In this darkest of moments, the Culper Spy Ring faced the ultimate challenge of surviving and finding another way to convey information to Washington knowing that British spy William Heron, code name ‘Hiram the Spy,’ had already reported to British General Sir Henry Clinton that “Private dispatches are frequently sent from New York to the Chieftain here (George Washington) by some traitors. They come by the way of Setalket, where a certain Brewster receives them at, or near, a certain womans,” that is to say Anna Strong signaled Woodhull, via the arrangement of clothes on her clothesline, when Captain Caleb Brewster arrived in his whaleboat to carry messages across Long Island Sound.
In 1789 during his first year as the unanimously elected First President, Washington decided he would visit each state to determine their feelings about the new United States as a nation; and traveled to New England from New York City through Connecticut to New Hampshire. He completed his mission with a Southern Tour in 1791.
During a pandemic, as we mark the 245th anniversary of Patriots’ Day and the 230th anniversary of Washington’s 1790 tour of Long Island, let us remember the future First President was said to have been seen on his knees at Valley Forge praying as the American army, outnumbered by the enemy, starved, froze and faced the scourge of smallpox, a devastating virus that thinned the ranks of his army and put Boston into lockdown.
Facing a situation akin to what we face today, Washington established isolation hospitals in New York to control the epidemic – while the ‘cordon sanitaire’ that worked in Europe against the plague was reinstated in North America to control the smallpox virus.
During the British occupation of New York, nearly 11,000 American patriots died on British prison ships in Wallabout Bay near the present Brooklyn Navy Yard, many succumbing to the disease. These ‘martyrs’ included the woman who historian Morton Pennypacker believed to be the mother of Robert Townsend’s son.

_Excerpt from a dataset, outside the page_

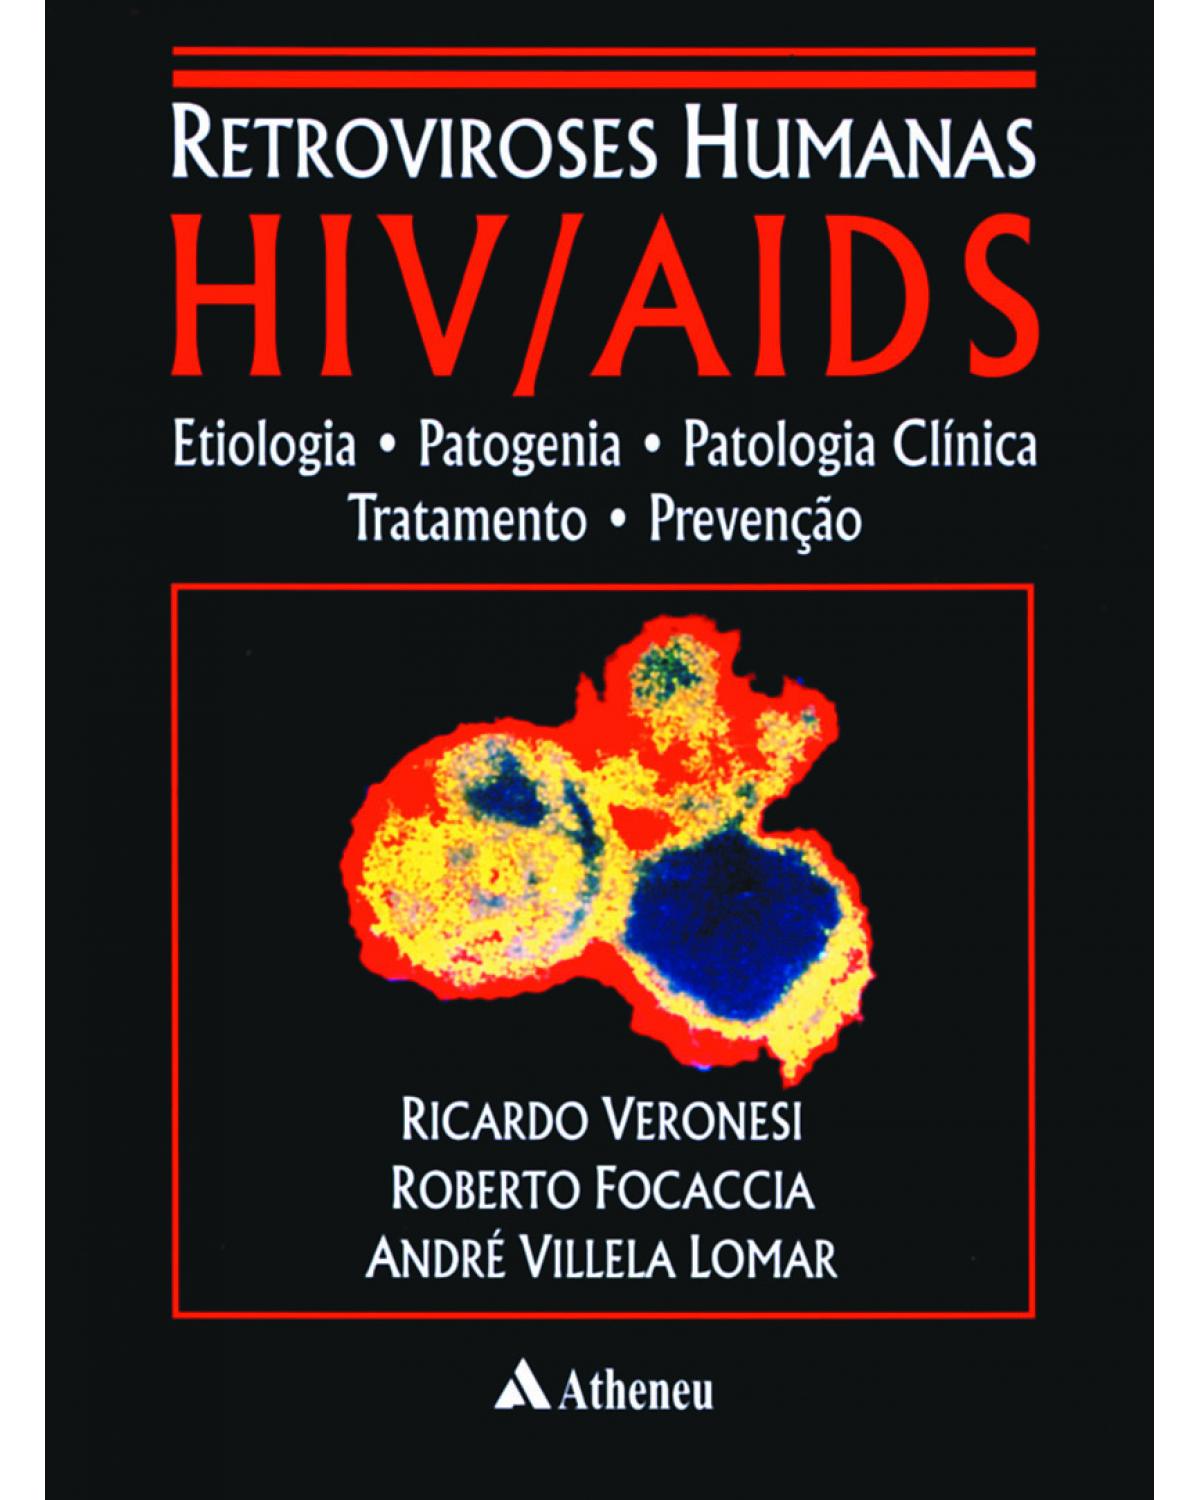 Retroviroses humanas HIV/AIDS - etiologia, patogenia, patologia clínica, tratamento e prevenção - 1ª Edição | 2001

It is a staggering number brought home by this past month’s coronavirus losses.
Historic preservation is important: it reminds us that others, too, have faced crises, and that there were many challenges to overcome to win the American Revolution.
About the author: Independent Historian Corey Geske of Smithtown proposed a National Register Historic District for downtown Smithtown in early 2017, prepared the report resulting in the Smithtown Bull being determined Eligible for the NR (2018) and wrote the successful nomination for recent listing on the National Register of Historic Places of the Byzantine Catholic Church of the Resurrection (1929) designed by Henry J. McGill and Talbot F. Hamlin, and its Rectory, the former Fred and Annie Wagner Residence (1912) designed by Gustav Stickley.